In this study, we explored a Bayesian denoising method for GI to improve the quality of a retrieved image. The Bayes’ theorem produced a particularly different result from the previously reported method for enhancing the SNR of ghost images. Specifically, the proposed method, the BDGI, found a latent image in a noisy image, and the corresponding latent image was used as prior information at the next reconstruction step. Owing to this iterative Bayesian process, BDGI obtained the highest PSNR and SSIM in both binary and gray-scale targets with acceptable computational time even though the decision process of hyperparameter values was not optimized. Moreover, BDGI was the most robust in a weak correlation system with white Gaussian noise.

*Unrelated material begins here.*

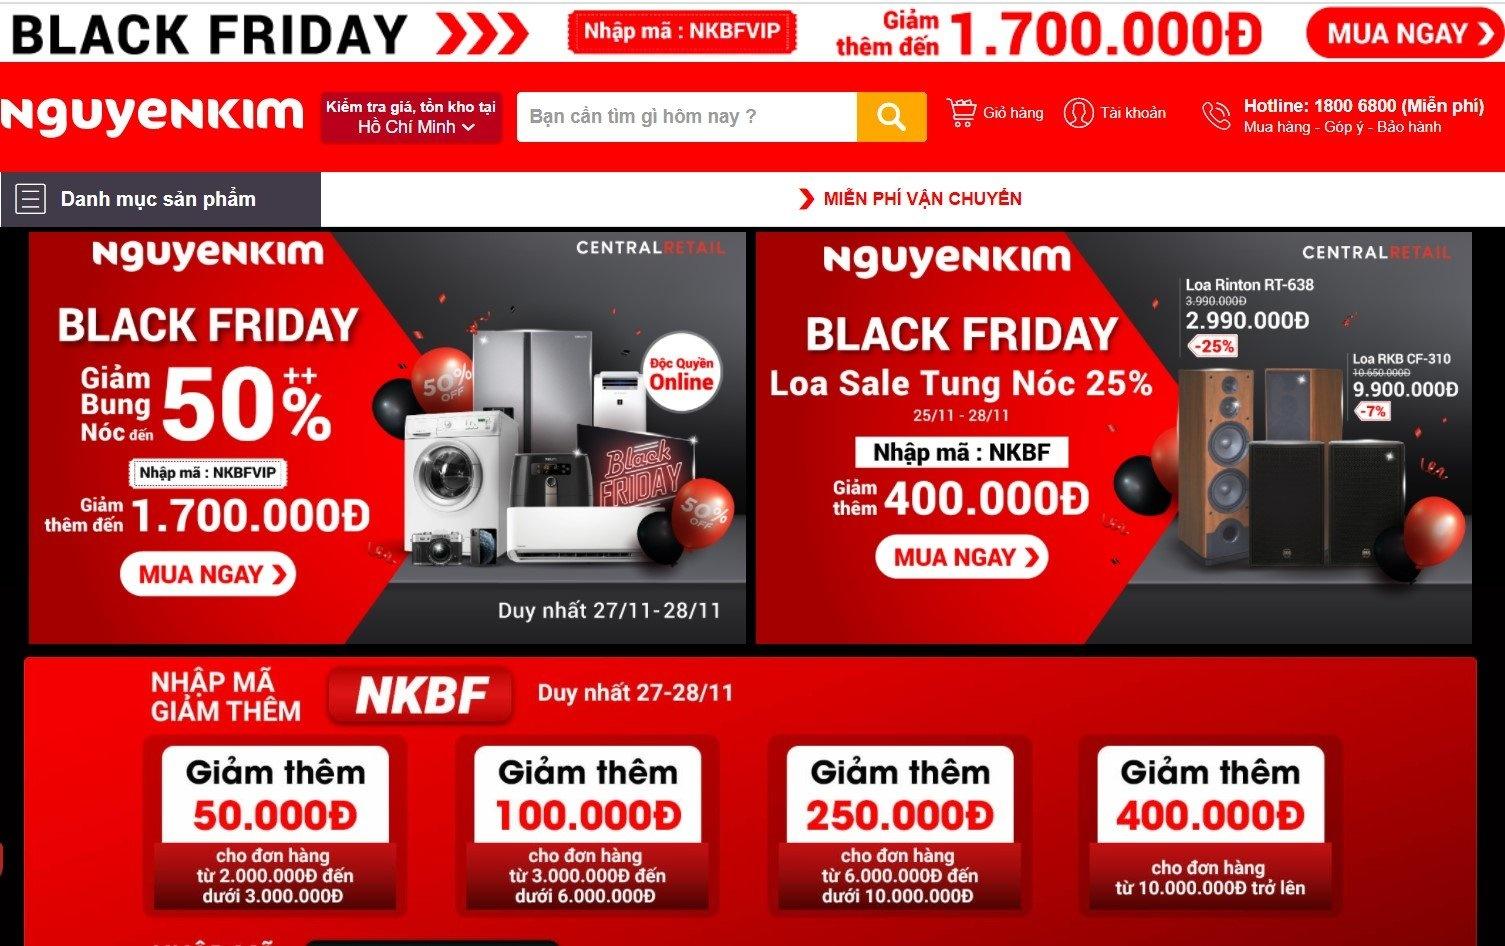 Black Friday,  mua sam,  deal Black Friday Viet Nam 2020 anh 2

There have been several studies [30–32] using an iterative approach to improve SNR of a ghost image. In [30], they optimized the illumination pattern to match the latent object in real time by using a genetic algorithm. It can be said that it has a property similar to Bayesian inference in terms of feedback processing where the algorithm interprets certain information from the measurement data and lets it influence the next illumination pattern. However, this method obviously had a limitation in that it was only effective in a computational GI system consisting of computing sources such as SLMs and DMDs. In contrast, the proposed method based on Bayes’ theorem itself can be universally applied to any GI system, thereby allowing it to easily be combined with other earlier methods.

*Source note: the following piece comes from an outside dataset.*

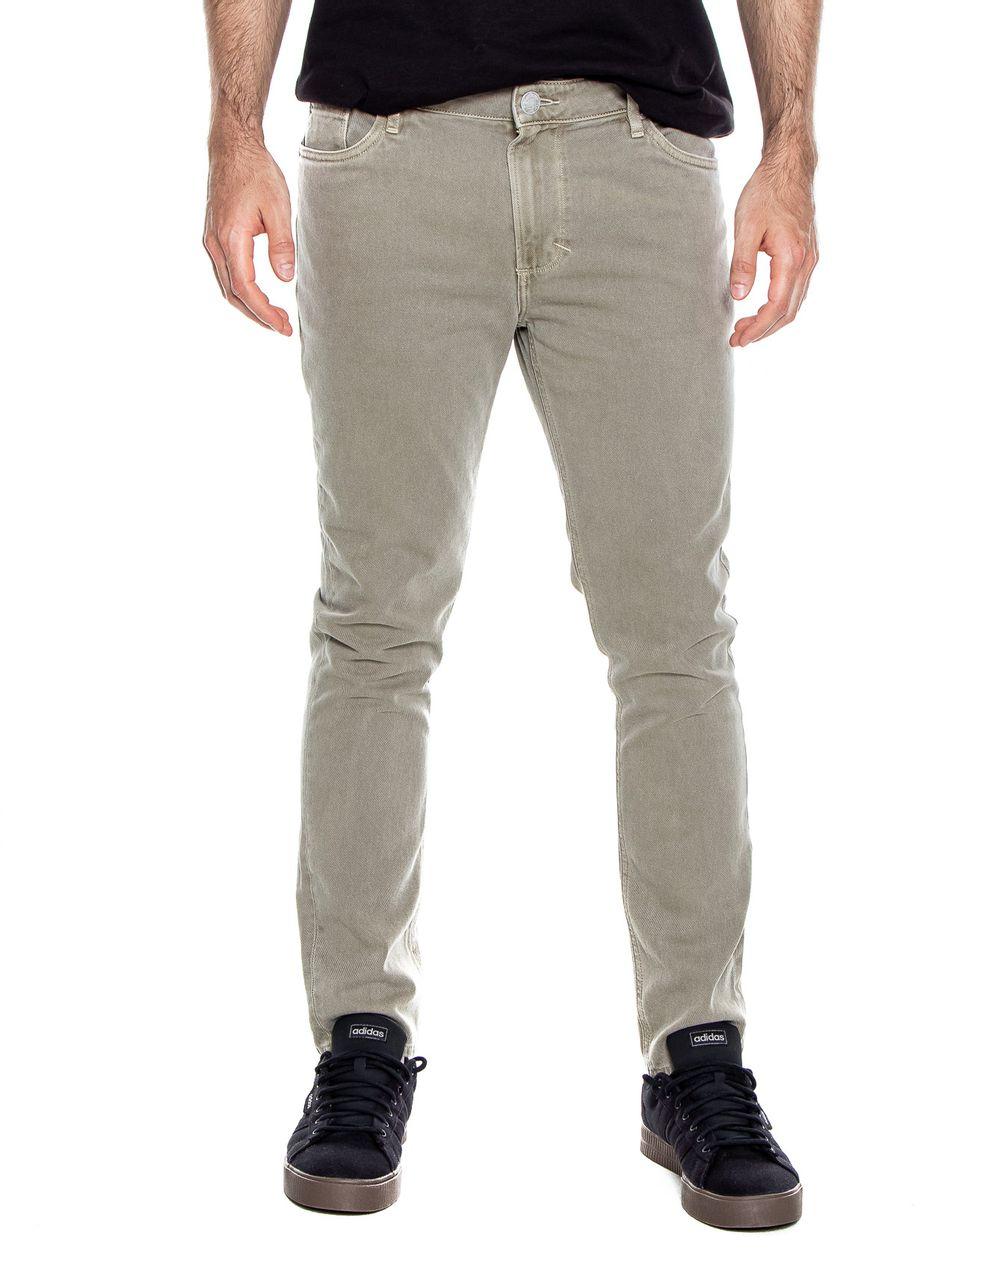 pantalon-042402-verde-1.jpg

Although our approach achieved the enhancement in terms of PSNR and SSIM for both a binary and a gray-scale target, we acknowledge the limitation that the proposed method appears to reveal a degraded spatial resolution. This limitation could be alternatively resolved by removing the noise that was due to the fluctuations of the speckle distribution, i.e., the covariance between the intensity of neighboring pixel ${\sigma ^2}({x,x^{\prime}} )$ as described in the previous studies [31,32]. Further study will need to compensate for such noise by adding a framework like the Hessian matrix [33] in each iterative step to resolve this issue so that a more versatile approach to reduce noise can be achieved and the spatial resolution in the BDGI process can be improved.